Let’s define an additional function in our configuration file.

[functions.analyze_haiku]
type = "chat"

[functions.analyze_haiku.variants.gpt_4o_mini]
type = "chat_completion"
model = "gpt_4o_mini"

Full Configuration

[models.gpt_4o_mini]
routing = ["openai"]

[models.gpt_4o_mini.providers.openai]
type = "openai"
model_name = "gpt-4o-mini"

[functions.generate_haiku]
type = "chat"

[functions.generate_haiku.variants.gpt_4o_mini]
type = "chat_completion"
model = "gpt_4o_mini"

[functions.analyze_haiku]
type = "chat"

[functions.analyze_haiku.variants.gpt_4o_mini]
type = "chat_completion"
model = "gpt_4o_mini"

Inferences & Episodes

This time, we’ll create a multi-step workflow that first generates a haiku and then analyzes it. We won’t provide an episode_id in the first inference request, so the gateway will generate a new one for us. We’ll then use that value in our second inference request.

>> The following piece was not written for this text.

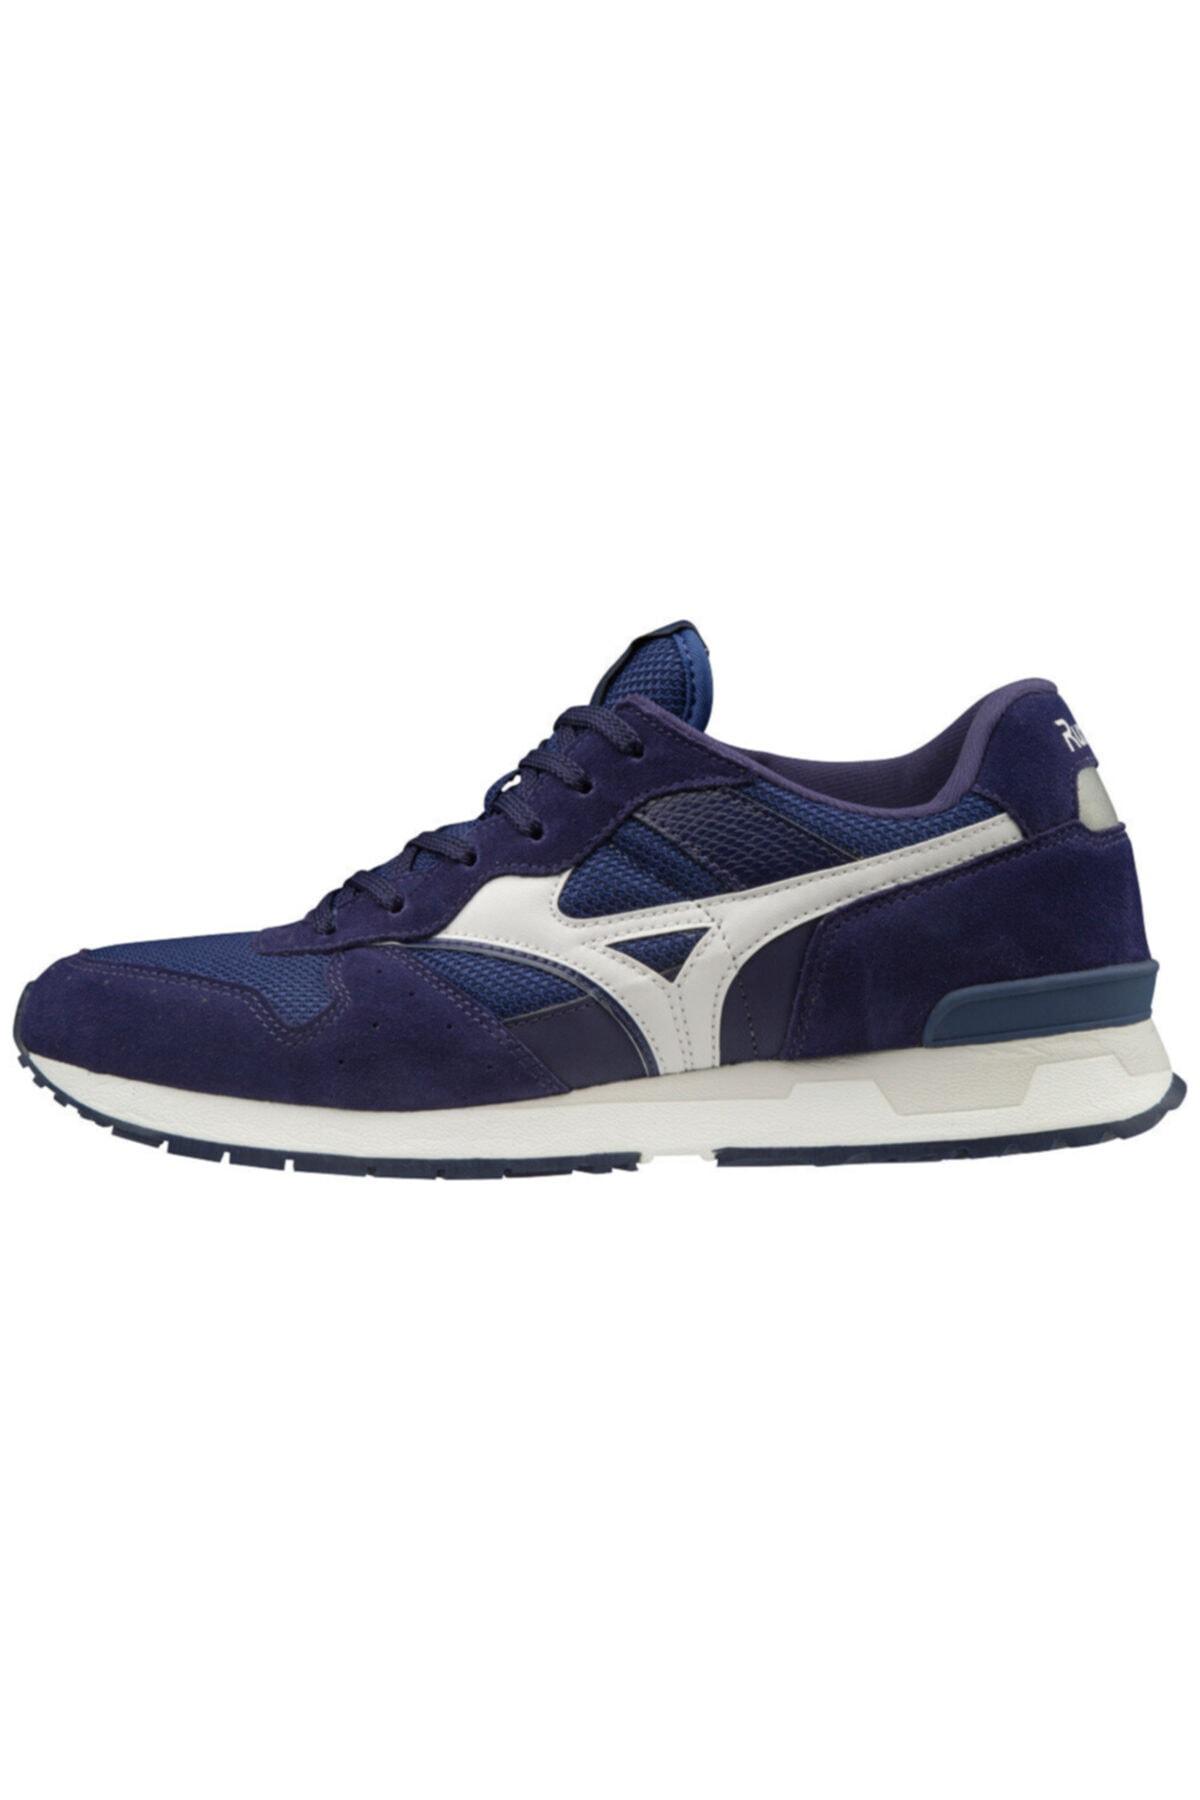 MIZUNO Genova 87 Unisex Günlük Giyim Ayakkabısı Lacivert 1

from tensorzero import TensorZeroGateway

with TensorZeroGateway.build_http(gateway_url="http://localhost:3000") as client:
    haiku_response = client.inference(
        function_name="generate_haiku",
        # We don't provide an episode_id for the first inference in the episode
        input={
            "messages": [
                {
                    "role": "user",
                    "content": "Write a haiku about artificial intelligence.",
                }
            ]
        },
    )

    print(haiku_response)

    # When we don't provide an episode_id, the gateway will generate a new one for us
    episode_id = haiku_response.episode_id

    # In a production application, we'd first validate the response to ensure the model returned the correct fields
    haiku = haiku_response.content[0].text

    analysis_response = client.inference(
        function_name="analyze_haiku",
        # For future inferences in that episode, we provide the episode_id that we received
        episode_id=episode_id,
        input={
            "messages": [
                {
                    "role": "user",
                    "content": f"Write a one-paragraph analysis of the following haiku:\n\n{haiku}",
                }
            ]
        },
    )

    print(analysis_response)

Sample Output

ChatInferenceResponse(
    inference_id=UUID('01921116-0fff-7272-8245-16598966335e'),
    episode_id=UUID('01921116-0cd9-7d10-a9a6-d5c8b9ba602a'),
    variant_name='gpt_4o_mini',
    content=[
        Text(
            type='text',
            text='Silent circuits pulse,\nWhispers of thought in code bloom,\nMachines dream of us.',
        ),
    ],
    usage=Usage(
        input_tokens=15,
        output_tokens=20,
    ),
)

ChatInferenceResponse(
    inference_id=UUID('01921116-1862-7ea1-8d69-131984a4625f'),
    episode_id=UUID('01921116-0cd9-7d10-a9a6-d5c8b9ba602a'),
    variant_name='gpt_4o_mini',
    content=[
        Text(
            type='text',
            text='This haiku captures the intricate and intimate relationship between technology and human consciousness. '
                 'The phrase "Silent circuits pulse" evokes a sense of quiet activity within machines, suggesting that '
                 'even in their stillness, they possess an underlying vibrancy. The imagery of "Whispers of thought in '
                 'code bloom" personifies the digital realm, portraying lines of code as organic ideas that grow and '
                 'evolve, hinting at the potential for artificial intelligence to derive meaning or understanding from '
                 'human input. Finally, "Machines dream of us" introduces a poignant juxtaposition between human '
                 'creativity and machine logic, inviting contemplation about the nature of thought and consciousness '
                 'in both realms. Overall, the haiku encapsulates a profound reflection on the emergent sentience of '
                 'technology and the deeply interwoven future of humanity and machines.',
        ),
    ],
    usage=Usage(
        input_tokens=39,
        output_tokens=155,
    ),
)

Conclusion & Next Steps

Episodes are first-class citizens in TensorZero that enable powerful workflows for multi-step LLM systems. You can use them alongside other features like experimentation, metrics & feedback, and tool use (function calling). For example, you can track KPIs for entire episodes instead of individual inferences, and later jointly optimize your LLMs to maximize these metrics.